But, while transformation is God’s doing, we cannot be passive recipients of God’s healing, transforming work rather we must be active participants with God. Ever since the day God formed us from the dust of the earth and breathed life into us, we have been called into partnership with God. God seldom works alone. God often works with and through humanity. We are coworkers with God to bring about healing and transformation. We co-labor with God to bring about God’s reign here on earth, as in heaven. We participate with God in our own healing through our faithfulness to God.

As collaborators with God, then we need to consider what we can do to transform the shame in our lives and in our congregations. According to Brown, we need to talk about shame for healing to take hold in the depths of our hearts. This might mean talking privately with a pastoral counselor, spiritual director, or a psychotherapist. Or, we can learn from Twelve Step groups who do talk about their lives and the things they are ashamed about for it is in the talking—the confessing—the shame begins to be healed.

If a church does dare to talk about shame, there will probably be some pushback—or some kind of resistance—because people will not naturally or willingly talk about shame and woundedness. But what if a congregation does embrace God’s offer to heal shame this Lenten season? Then I think we become close to Dietrich Bonhoeffer’s preference for a church to be “a church of sinners rather than a church of saints,” as he describes in Life Together.

Brown describes this healing as becoming “authentic” and “risking vulnerability” and she frames this as “wholehearted living.” I would reframe her language to the abundant living of carrying Jesus’ yoke from his promise in Matthew 11:28-30: “Come to me, all you that are weary and are carrying heavy burdens, and I will give you rest. Take my yoke upon you, and learn from me; for I am gentle and humble in heart, and you will find rest for your souls. For my yoke is easy, and my burden is light.”

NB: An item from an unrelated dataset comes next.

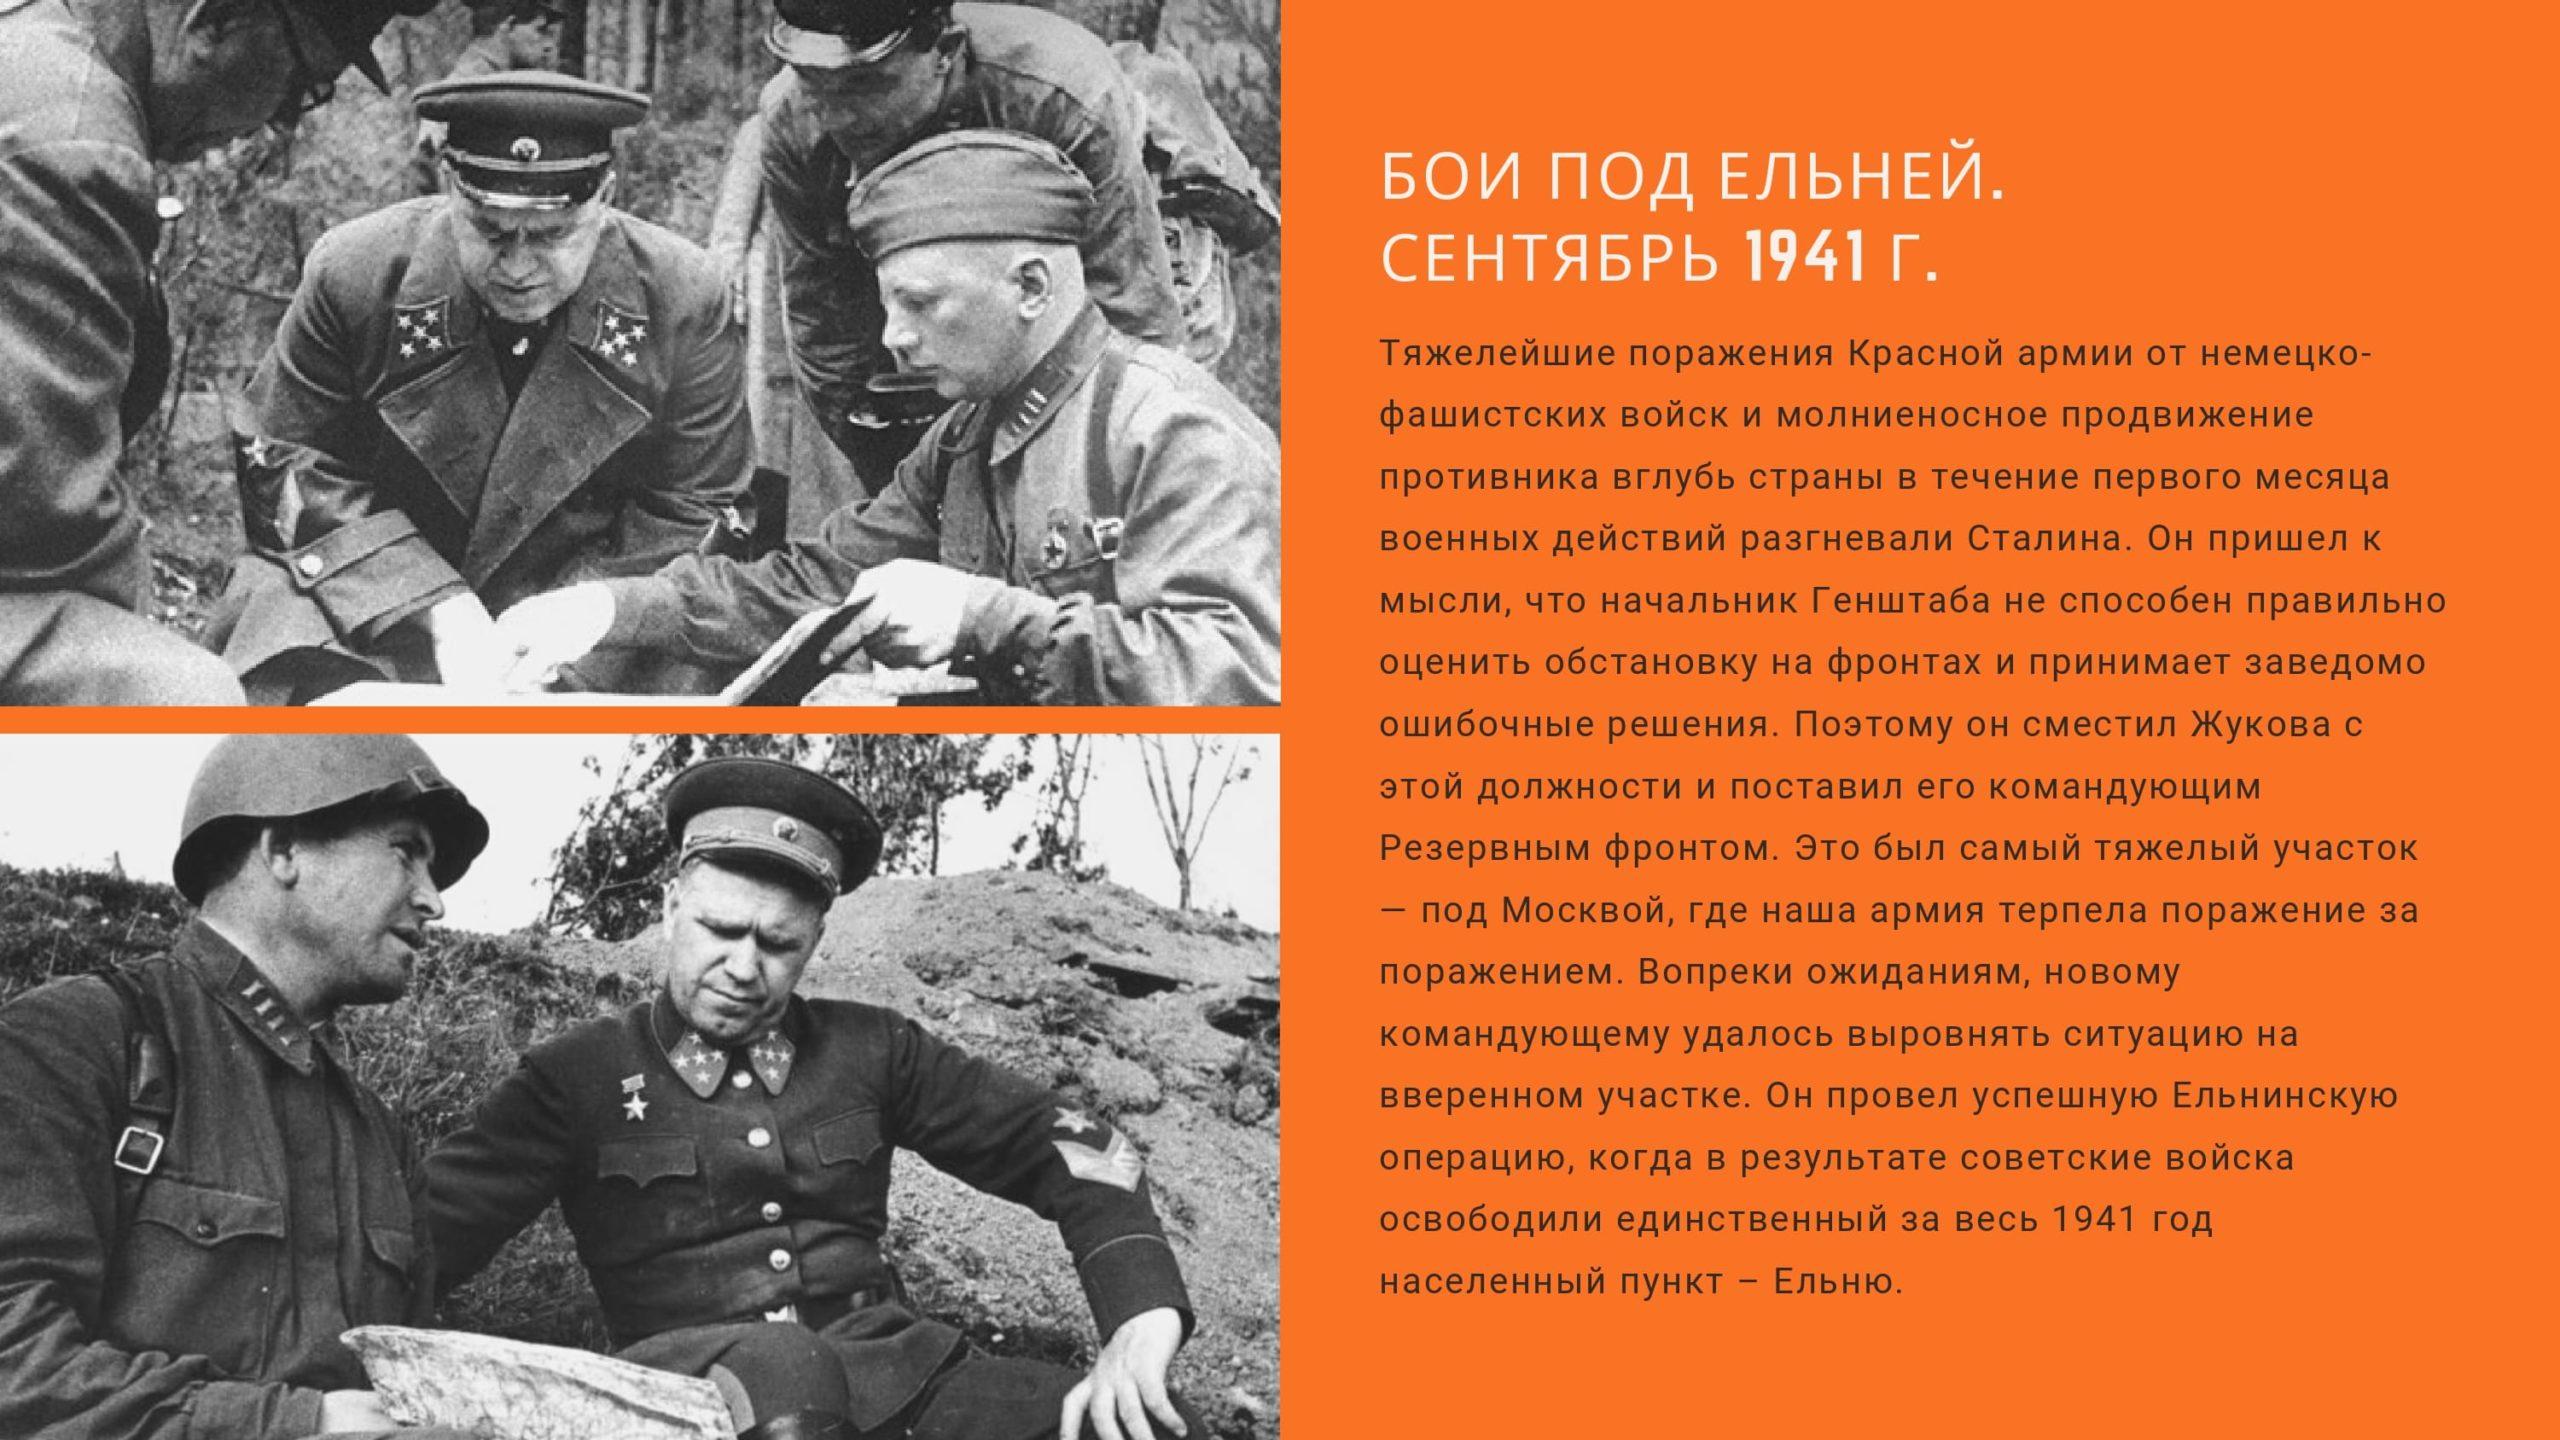 Бои под Ельней. Сентябрь 1941

To live as Jesus does gives us an opportunity to live in the Spirit and to take his light burden means to live in freedom from shame and the isolation that being bound in shame does to us. Carrying Jesus’ yoke restores us to honor—to trustworthiness, freedom, and humility. Humility means making peace with our shame because we know ourselves to be both forgiven and loved by the One who is without shame.

This Lent season provides us with a framework to touch those tender, wounded places of shame, to talk about the shame, and in turn, offer it all to God for God’s healing, forgiving touch. God is doing a new thing, recognizing our true nature and making a way for us to become fully human again. By the time we arrive at Easter we can boldly sing with the hymn writer of “And Can It Be”

“My chains fell off, my heart was free,

I rose, went forth and followed Thee.”

We can joyfully proclaim, “Ashamed no more!”